Main goals of this project is to detect, track and obtain velocity information of three classes (Escooter, Pedestrians and Cyclists) from a video footage of a traffic intersection in Ingolstadt. This project is a part of SaveNoW, where all these data are used to create a digital twin of Ingolstadt for simulation purposes.
For further updates on the project, follow this notion page: https://www.notion.so/Project-Traffic-Camera-tracking-15a9bb984c1341369ad40562610dc83f
(Still actively developed..A lot of the parameters could change in future)
PyTorch based YoloV5 framework is used for detection and the model yolov5l6 is trained on custom dataset of around 87k images in varied conditions (daylight, rain and night).

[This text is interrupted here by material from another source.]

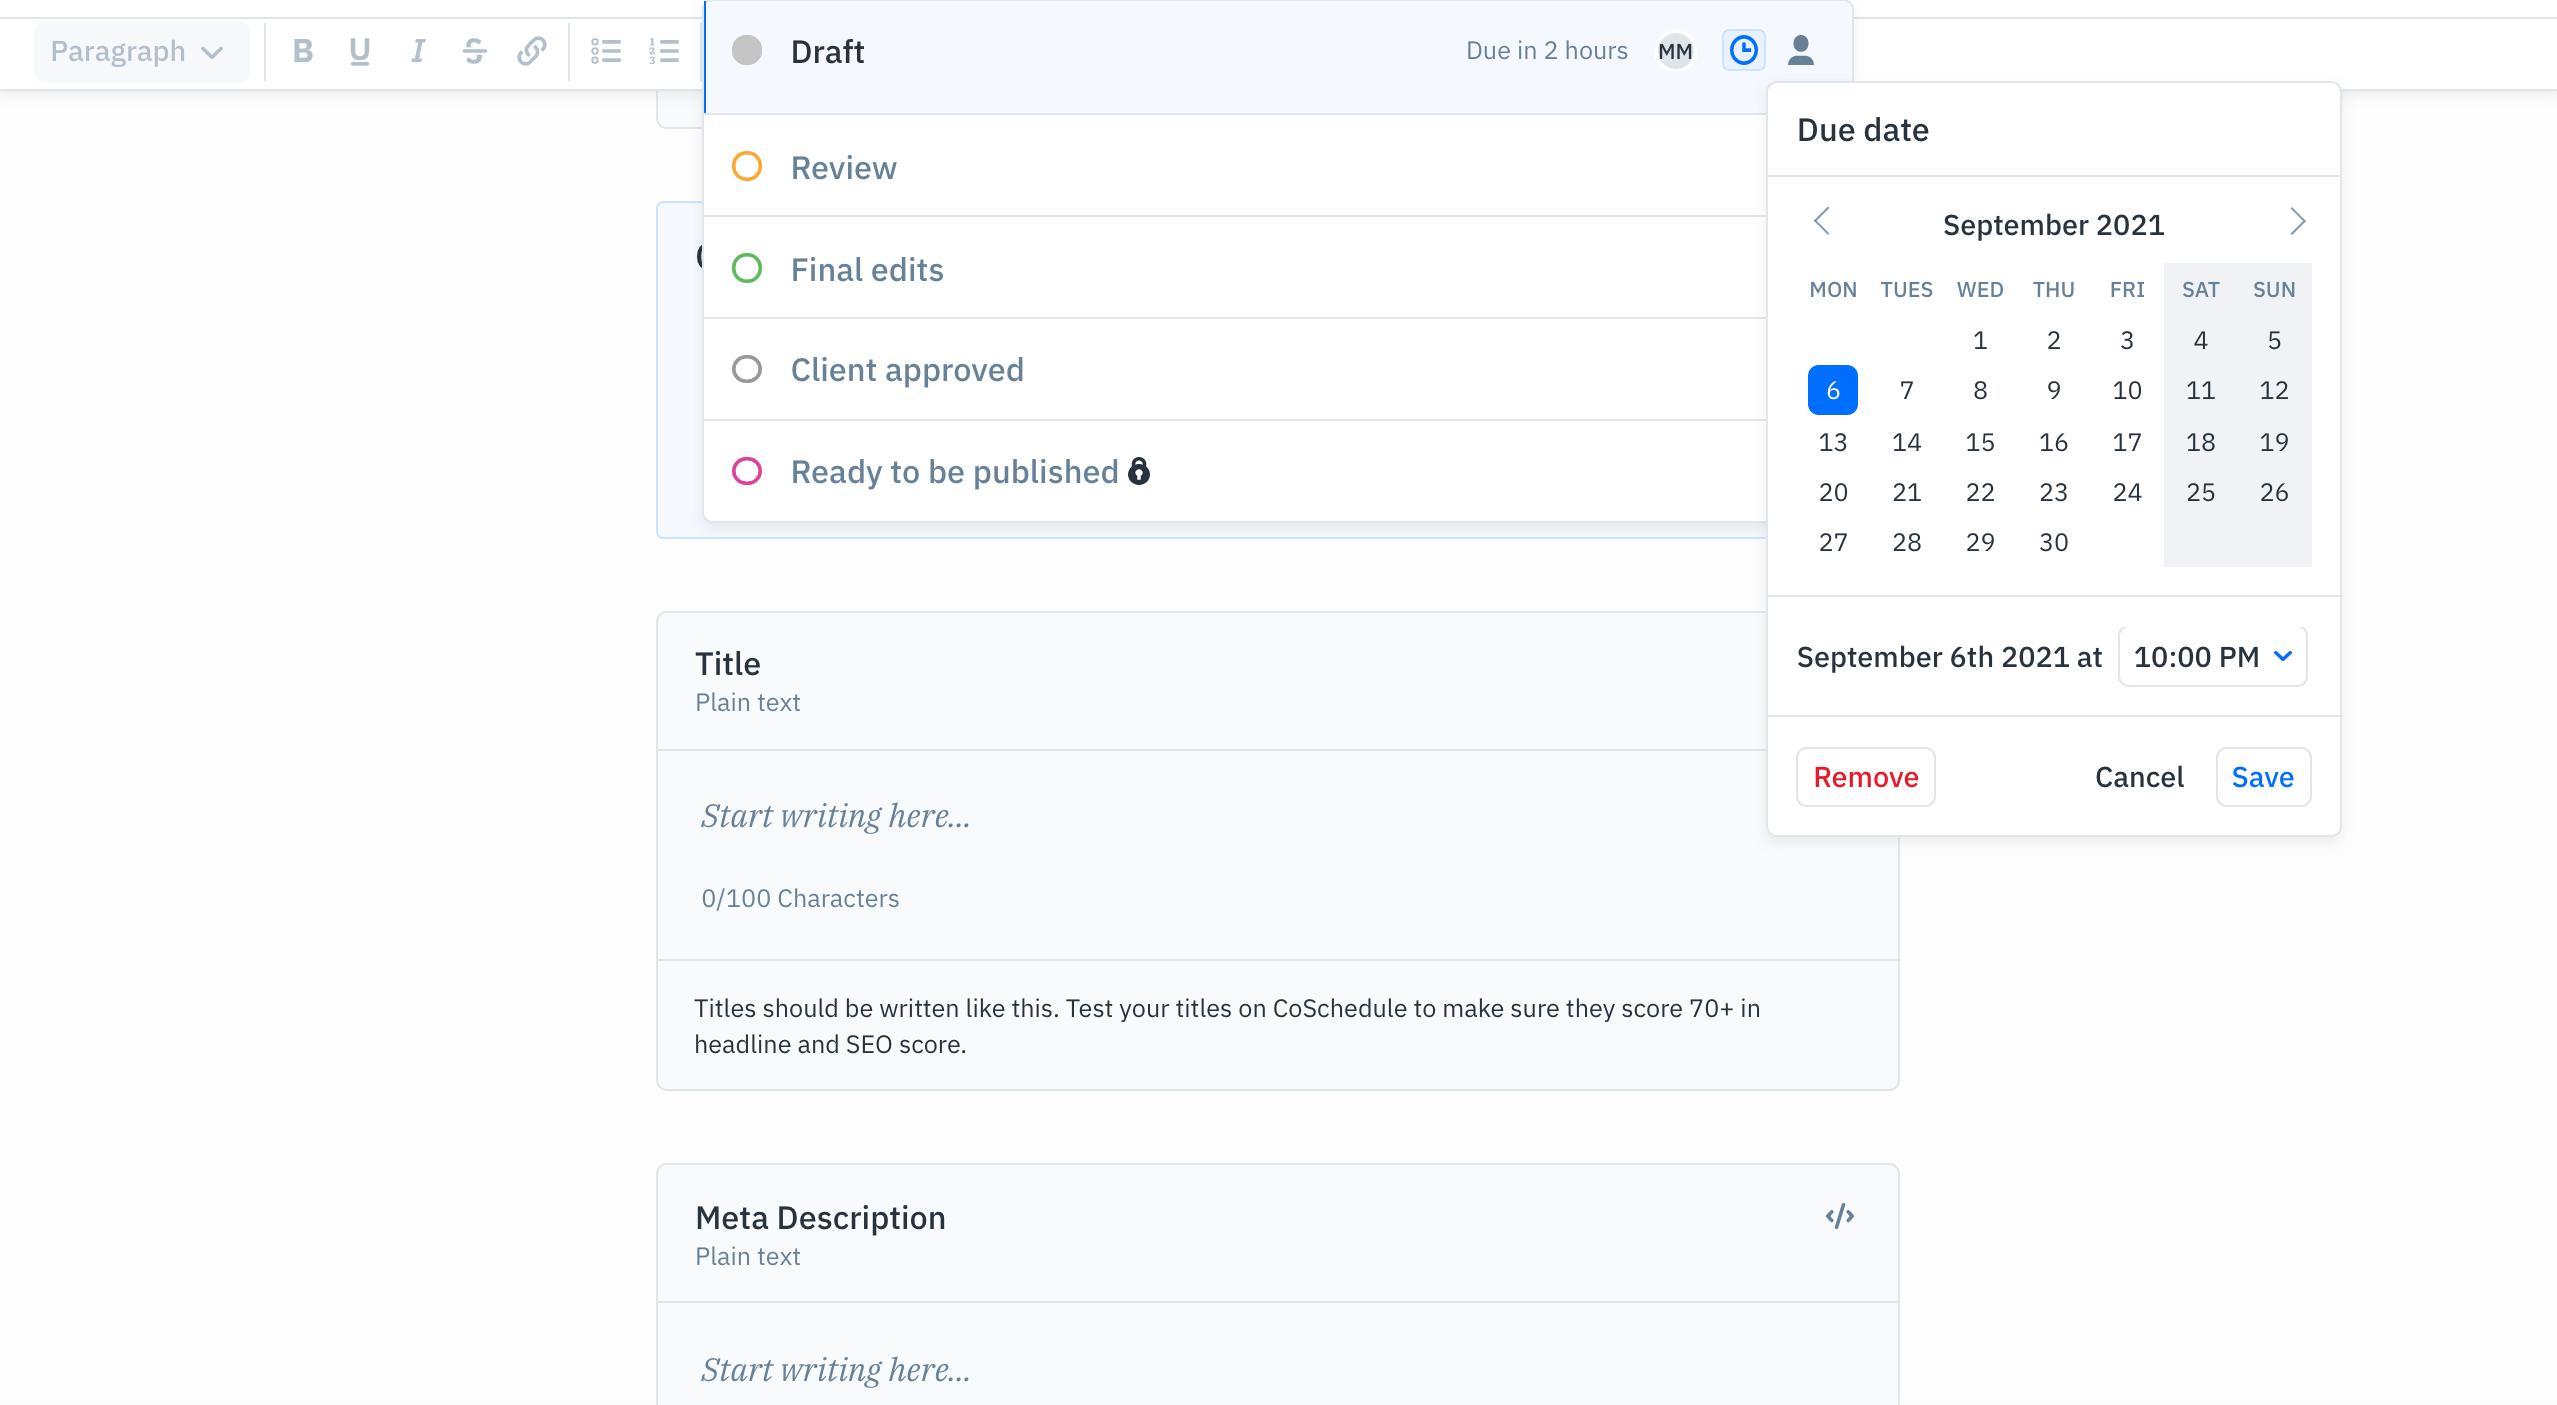 GatherContent workflow status due dates for briefs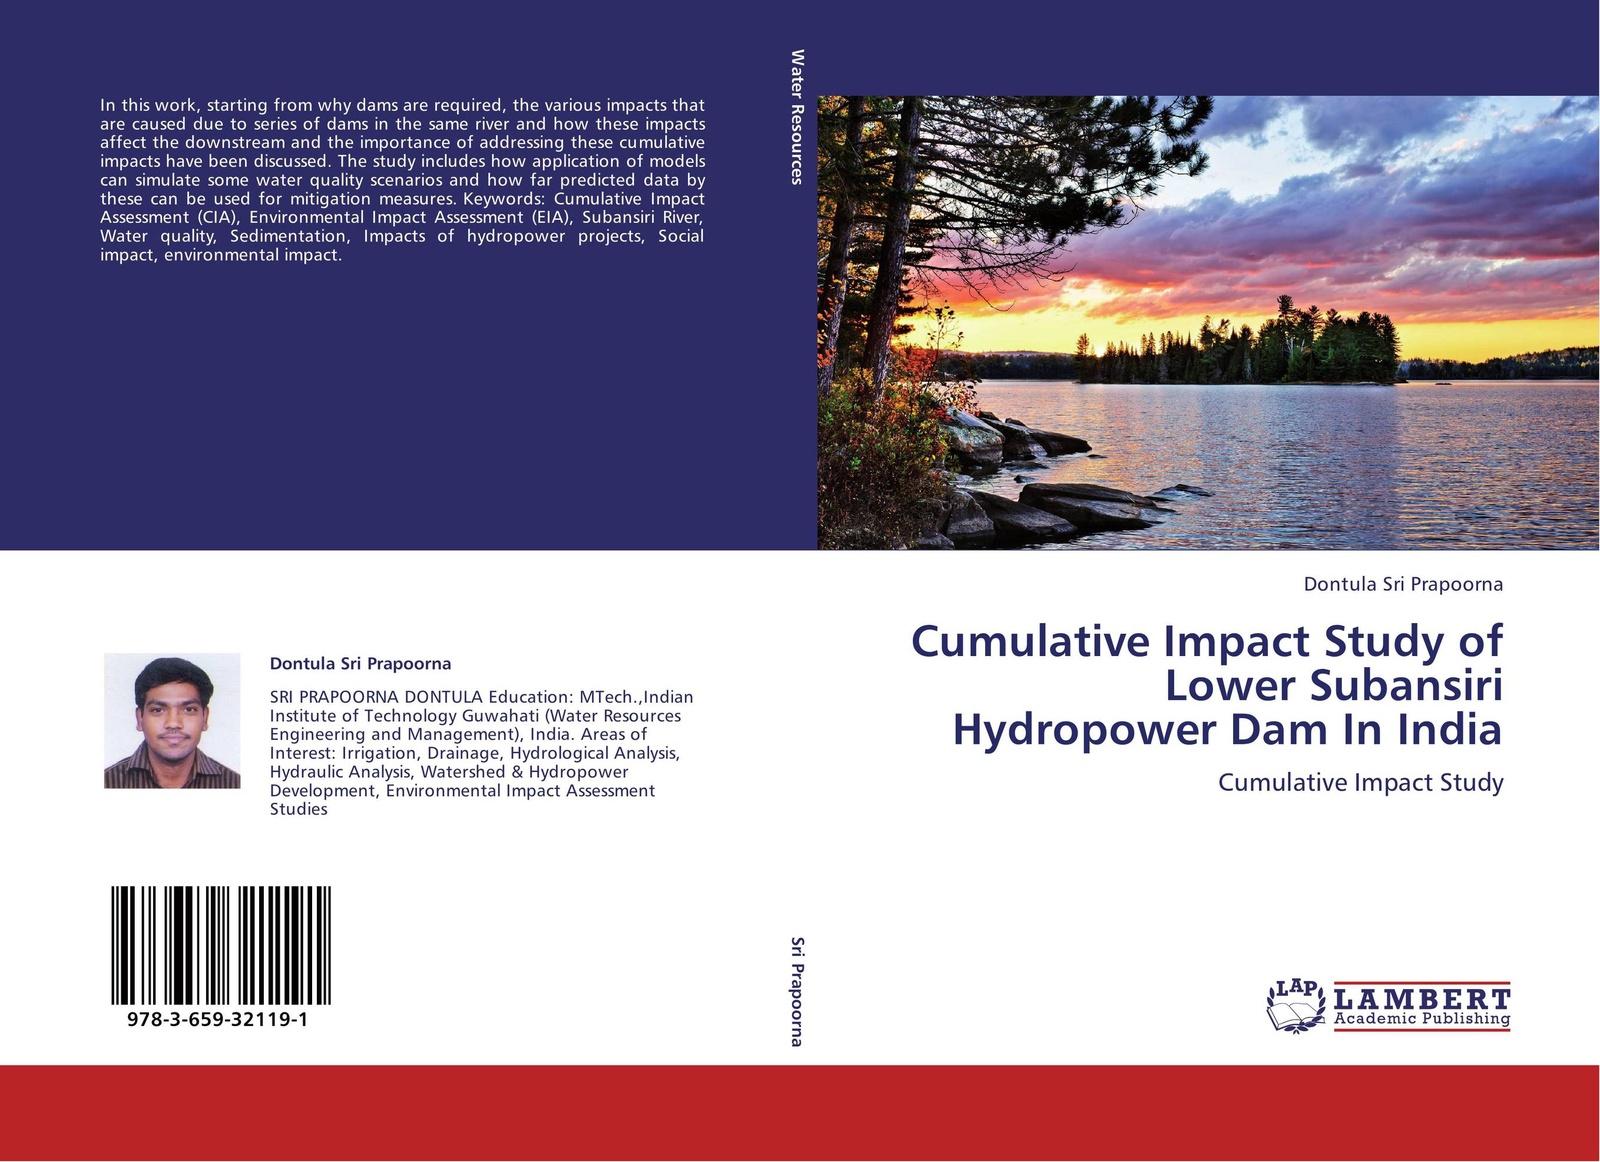 Dontula Sri Prapoorna Cumulative Impact Study of Lower Subansiri Hydropower Dam In India

All the images were manually labelled using CVAT online annotation tool. The model was trained by for 100+ hours using RTX 3090 for 600 epochs and reaches around 97% accuracy.
For faster inference speeds, a TensorRT Engine has been built and can infer at 125 fps
Since YoloV5 is spatial CNN Object detector, it doesn't contain temporal information to recognize an object across multiple frames. For this purpose, a modified SORT (Simple Online Realtime Tracker) has been used.
Using predetermined Camera Calibration values, the homography is calculated and every point in image is mapped accurately to it's correspoinding 3D world coordinates.
- Weights files and training datasets are not present in the repo. If you are interested, please feel free to contact us: pascal.brunner@carissma.eu
- Calibration values must be properly tuned depending on the individual scene (Hint: Maybe will be automated in the future)
Pull requests are welcome. For major changes, please open an issue first to discuss what you would like to change.
Please make sure to update tests as appropriate.